A Scalable Algorithm for Individually Fair K-means Clustering
MohammadHossein Bateni, Vincent Cohen-Addad, Alessandro Epasto, Silvio Lattanzi
TL;DR
This work tackles scalable, individually fair clustering under per-point radius constraints by introducing ConstrainedLocalSearch++, a fast local-search algorithm with seeding and anchor-zone mechanisms. It achieves a bicriteria $(O(1),6)$-approximation for the radii while attaining a constant-factor approximation on the $k$-means cost, running in $ ilde{O}(nd + nk^2)$ time. The algorithm is both theoretically grounded and empirically validated, demonstrating substantial speedups and often lower costs than previous methods on large real-world datasets.

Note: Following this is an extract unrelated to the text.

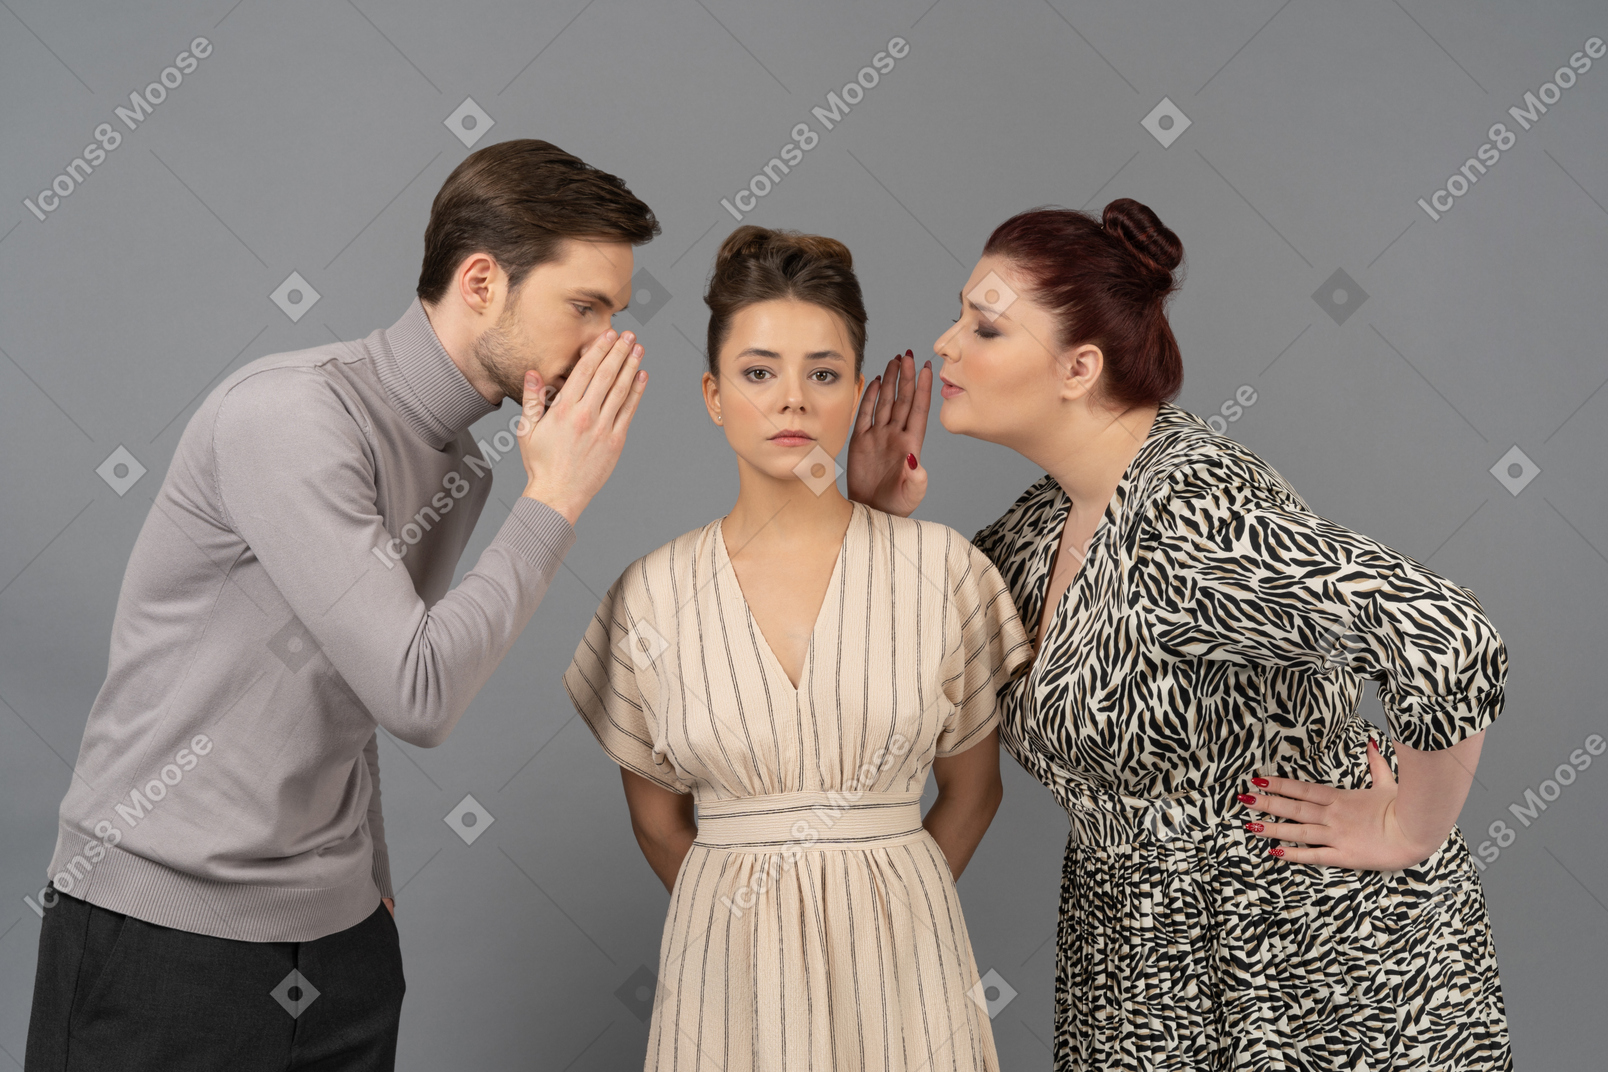 Young man and young woman gossiping in indifferent woman's ears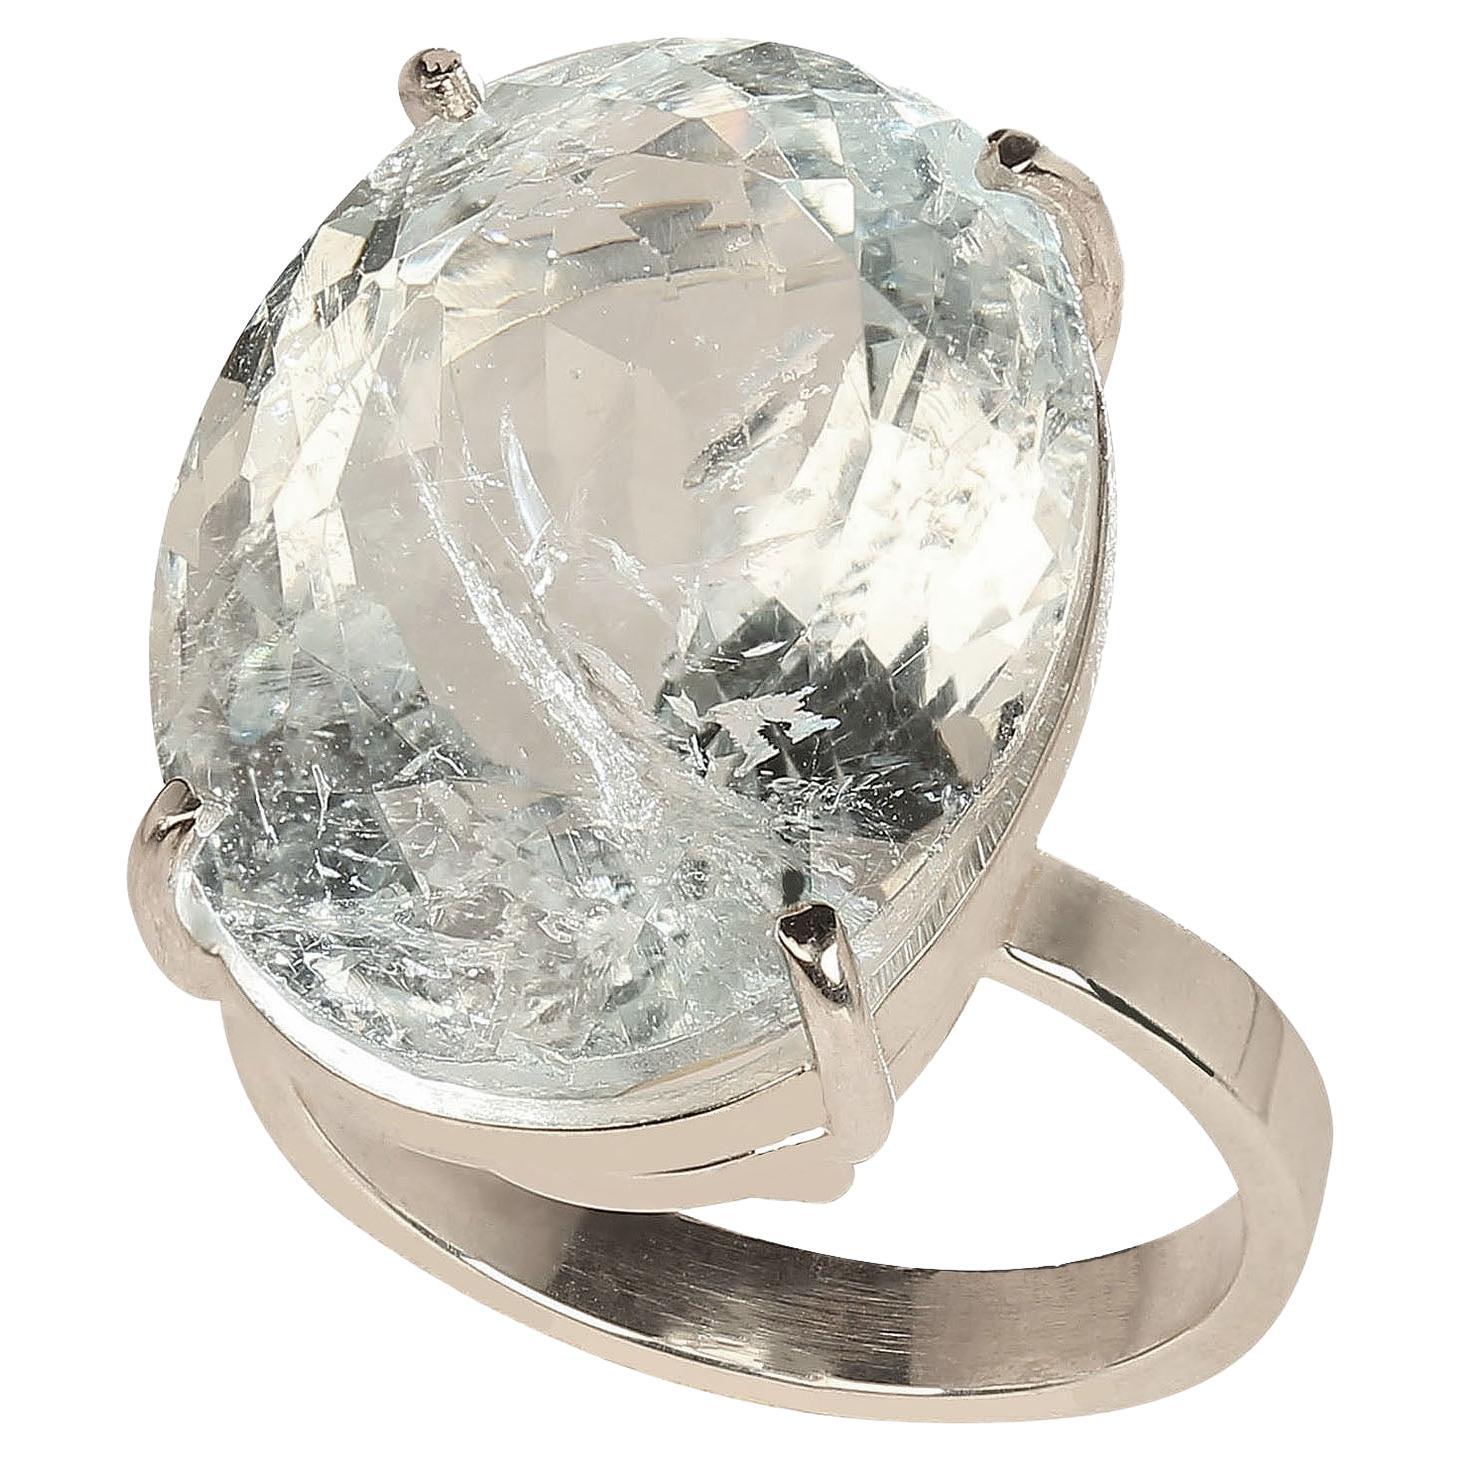 Glittering, oval 23 carat Aquamarine ring. This stunning ring comes straight from our favorite vendor in Belo Horizonte, Minas Gerais, Brazil. He mines his gemstones from his own aquamarine mine, and then has the rough cut and faceted.  We discuss

These results make individually fair clustering practical at scale and open avenues for tighter theoretical bounds and generalizations to broader objective functions.
Abstract
We present a scalable algorithm for the individually fair ($p$, $k$)-clustering problem introduced by Jung et al. and Mahabadi et al. Given $n$ points $P$ in a metric space, let $δ(x)$ for $x\in P$ be the radius of the smallest ball around $x$ containing at least $n / k$ points. A clustering is then called individually fair if it has centers within distance $δ(x)$ of $x$ for each $x\in P$. While good approximation algorithms are known for this problem no efficient practical algorithms with good theoretical guarantees have been presented. We design the first fast local-search algorithm that runs in ~$O(nk^2)$ time and obtains a bicriteria $(O(1), 6)$ approximation. Then we show empirically that not only is our algorithm much faster than prior work, but it also produces lower-cost solutions.